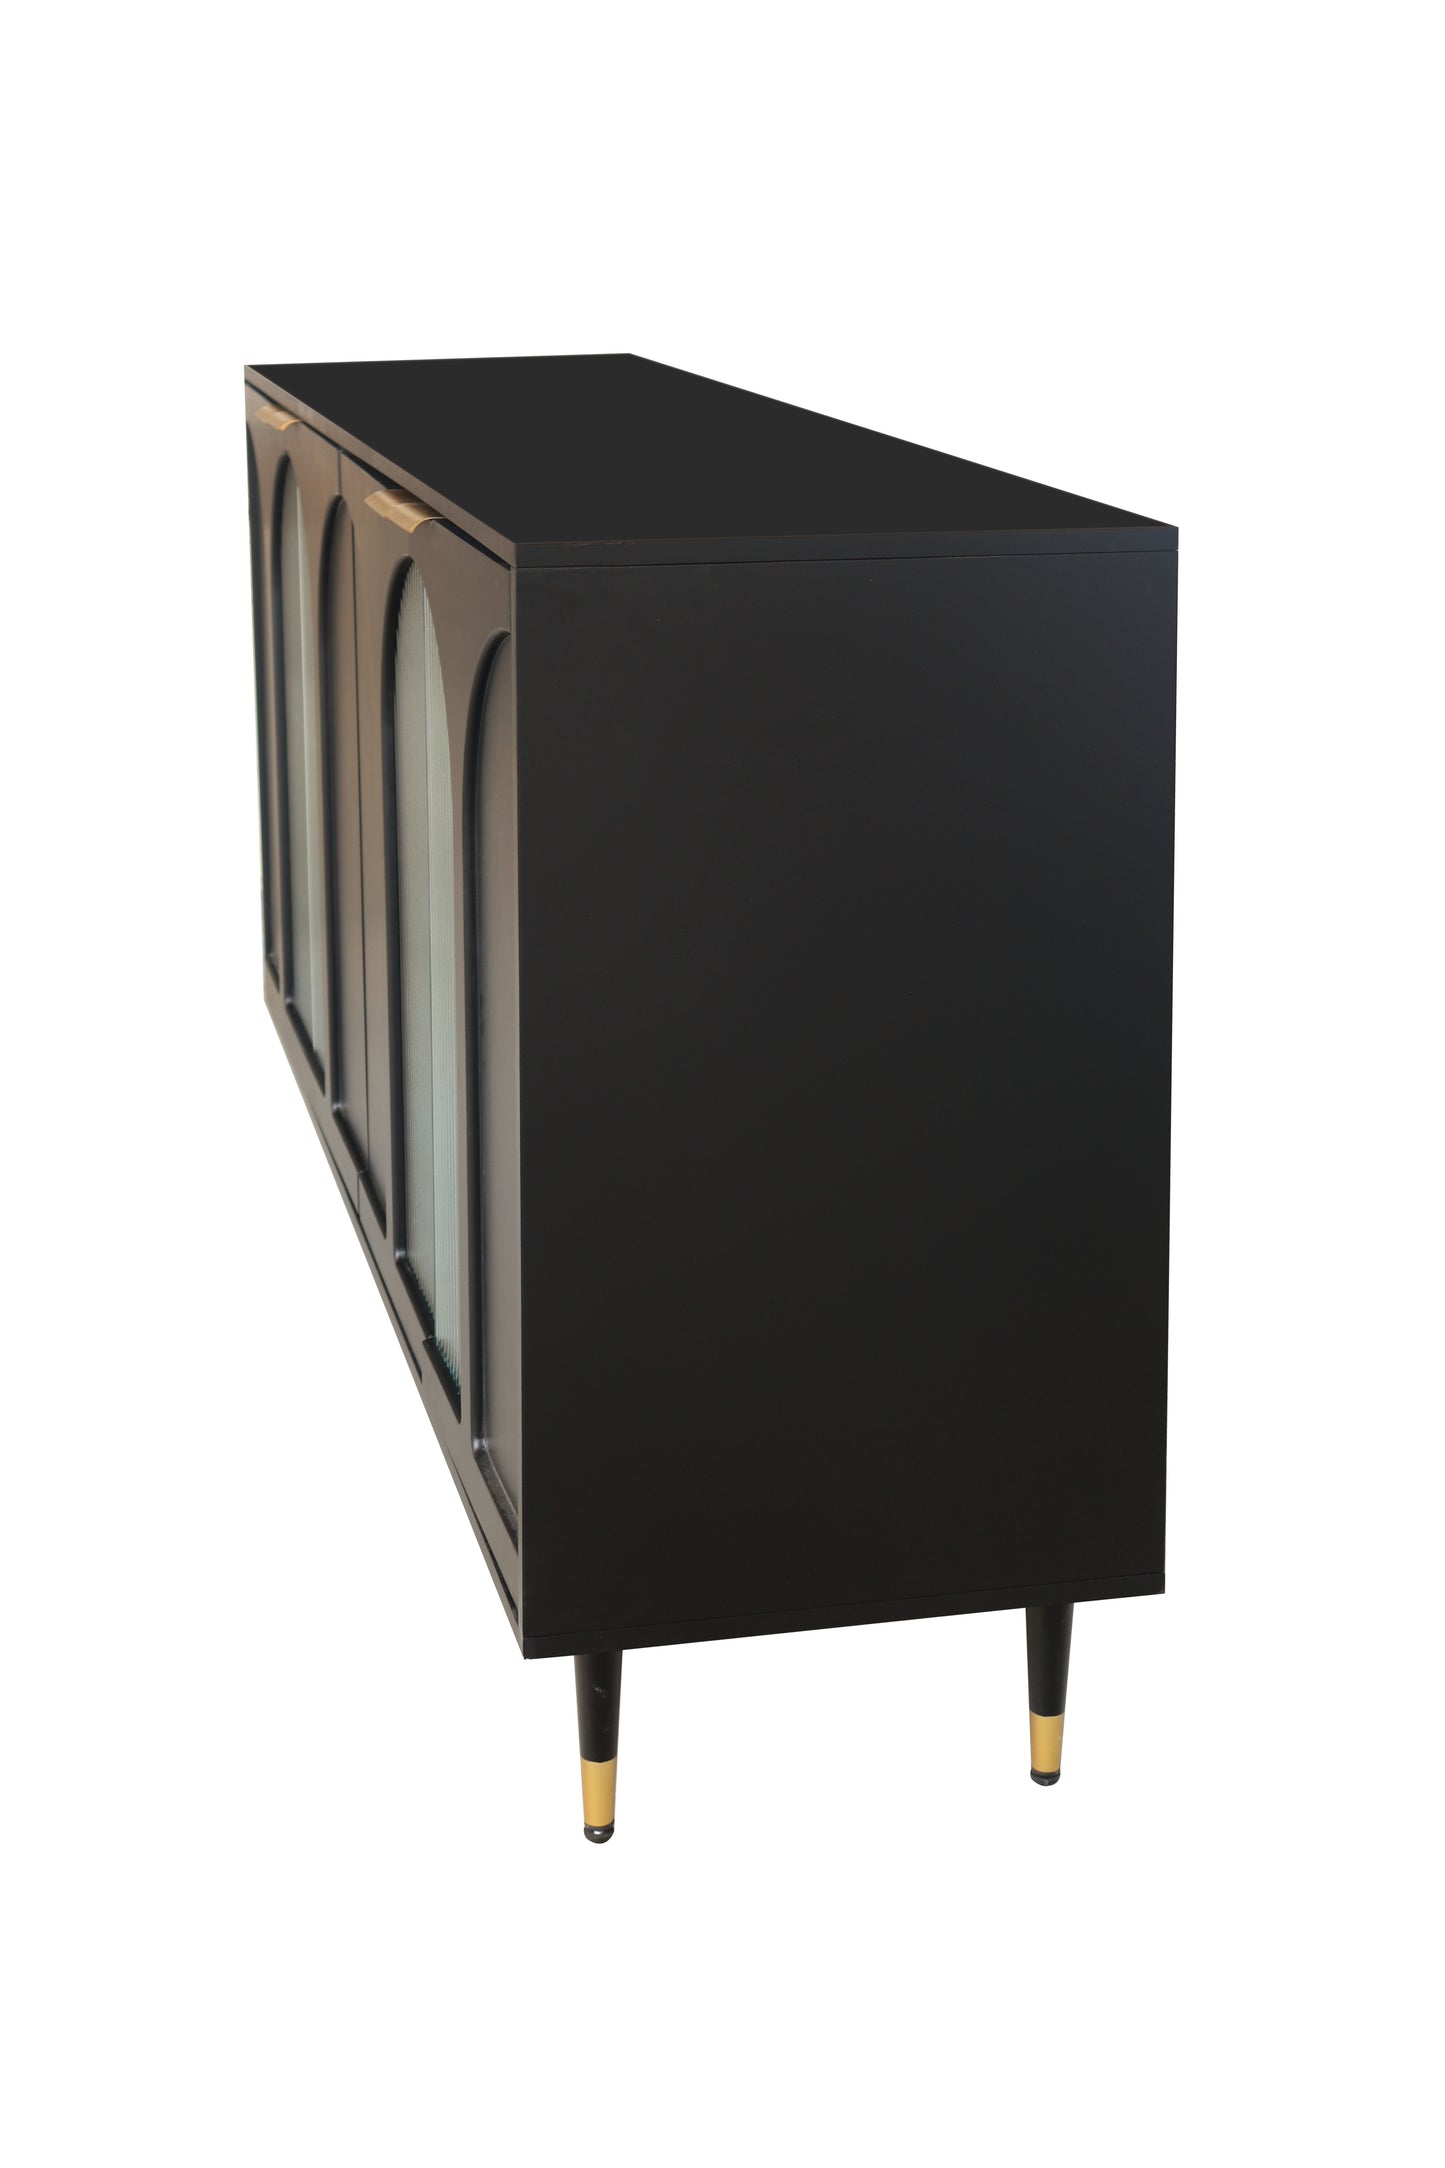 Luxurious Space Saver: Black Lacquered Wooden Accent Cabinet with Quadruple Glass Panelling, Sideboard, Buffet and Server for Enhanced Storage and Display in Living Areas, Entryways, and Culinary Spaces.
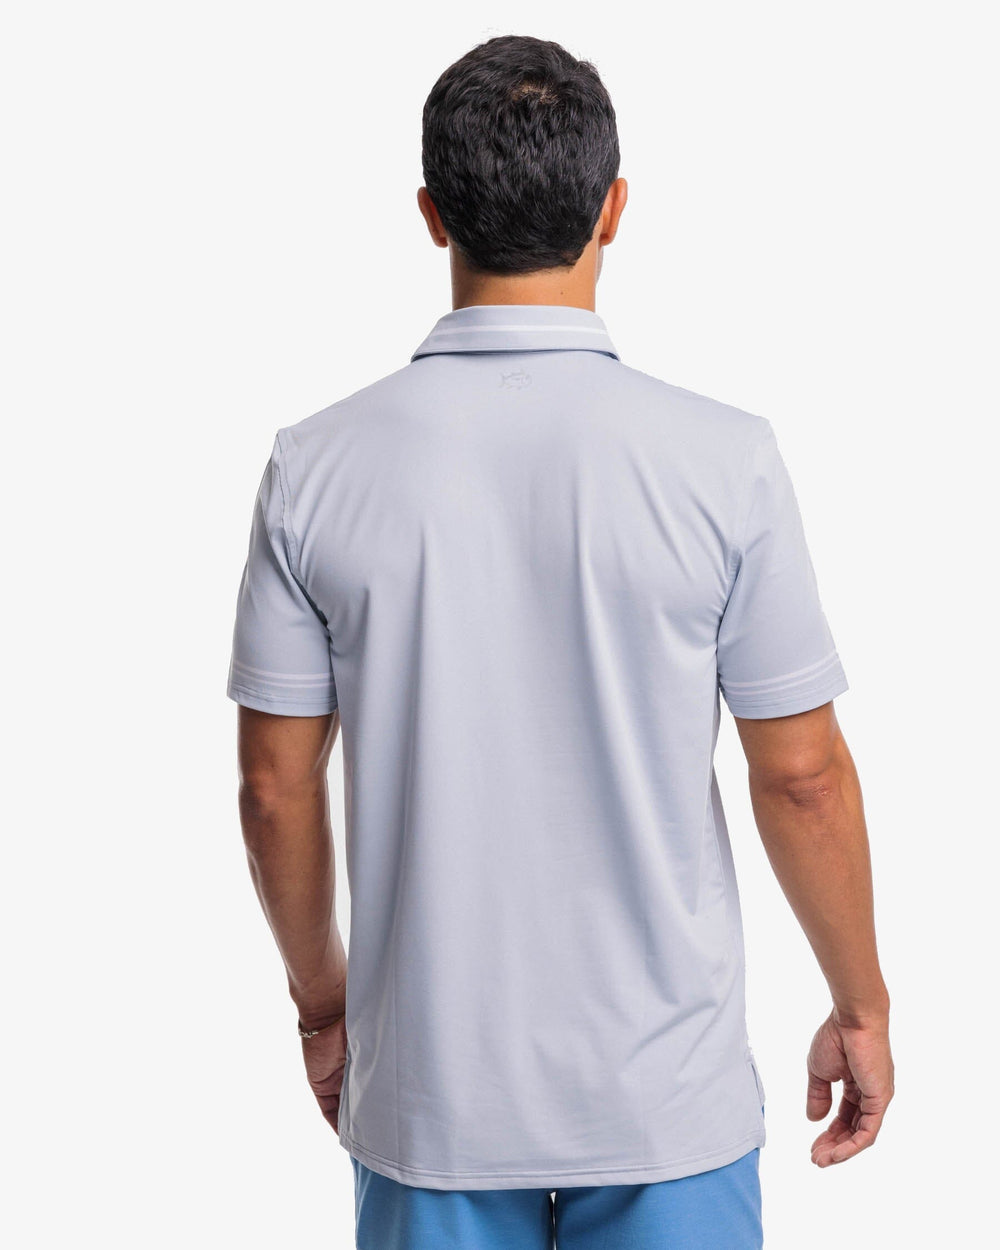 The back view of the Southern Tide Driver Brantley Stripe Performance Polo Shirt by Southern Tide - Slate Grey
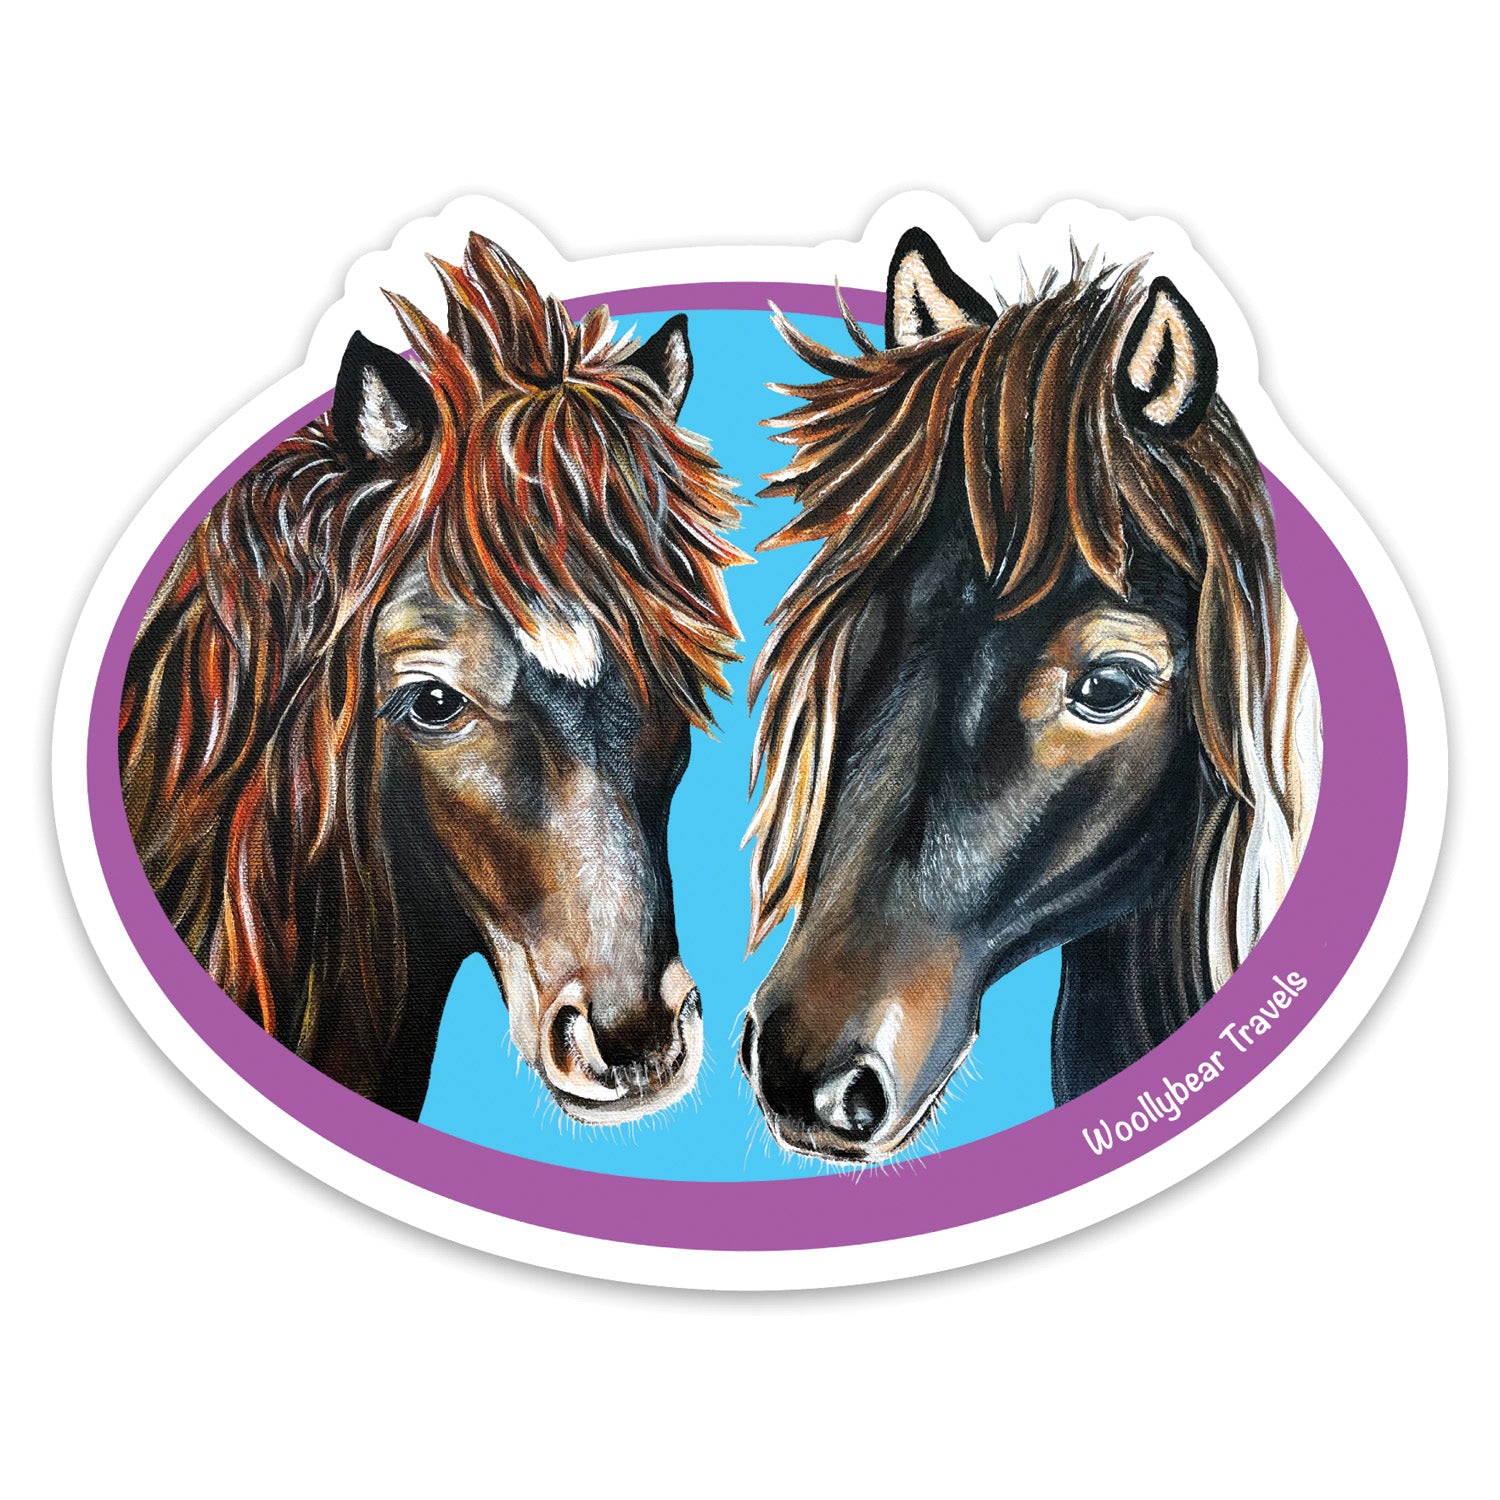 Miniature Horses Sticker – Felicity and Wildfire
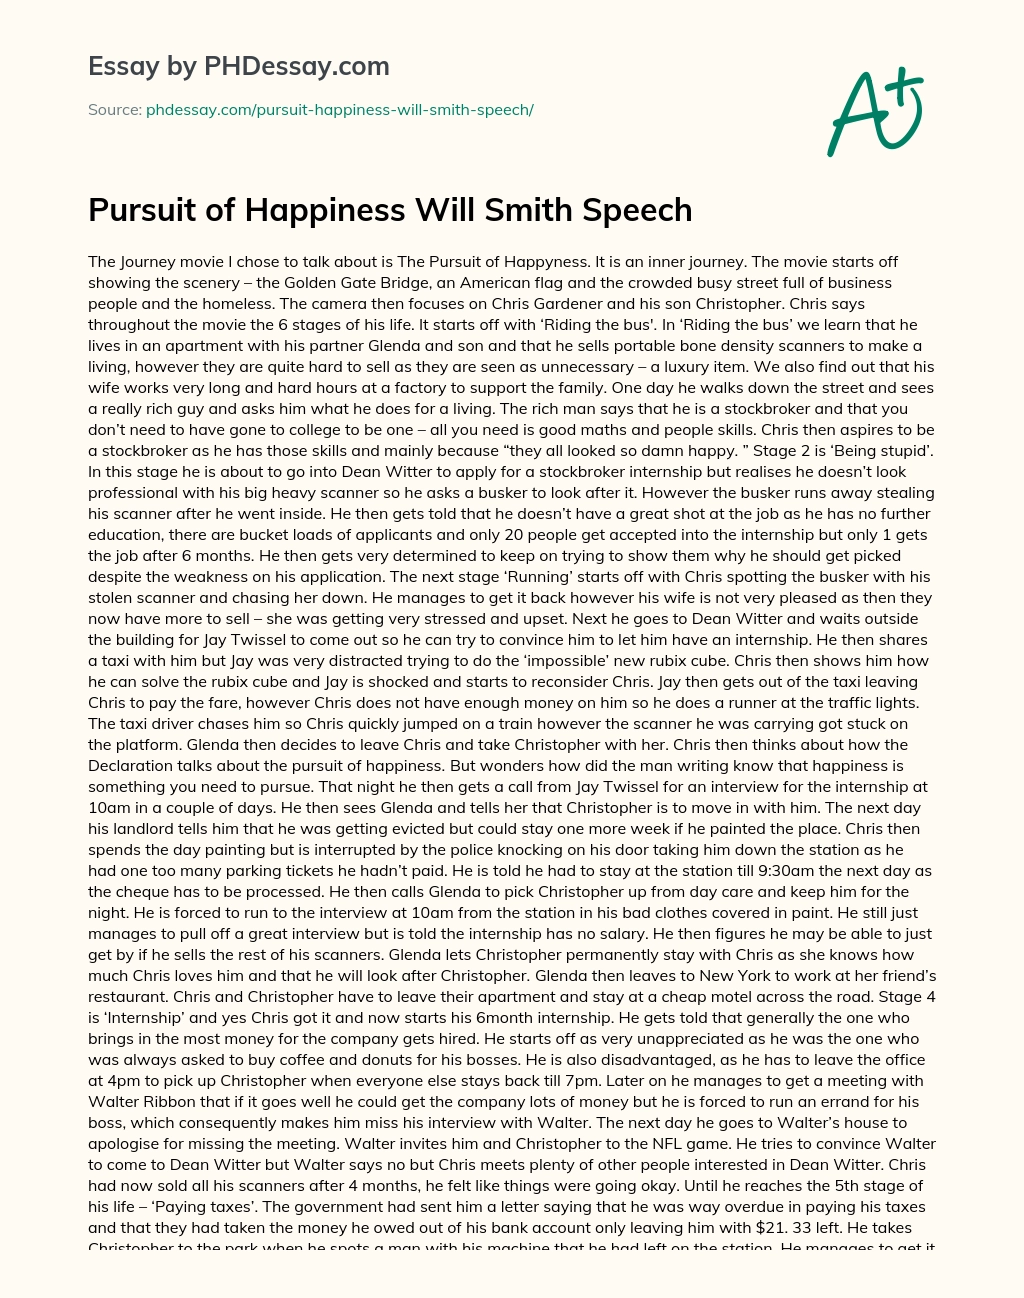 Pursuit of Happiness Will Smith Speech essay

→ **How to complete this task**
None of the pictures belong in the copy; transcribe the rest of the data exactly.

→ **Exercise output**
 Luxurious Space Saver: Black Lacquered Wooden Accent Cabinet with Quadruple Glass Panelling, Sideboard, Buffet and Server for Enhanced Storage and Display in Living Areas, Entryways, and Culinary Spaces.
 The back view of the Southern Tide Driver Brantley Stripe Performance Polo Shirt by Southern Tide - Slate Grey
 Miniature Horses Sticker – Felicity and Wildfire
 Pursuit of Happiness Will Smith Speech essay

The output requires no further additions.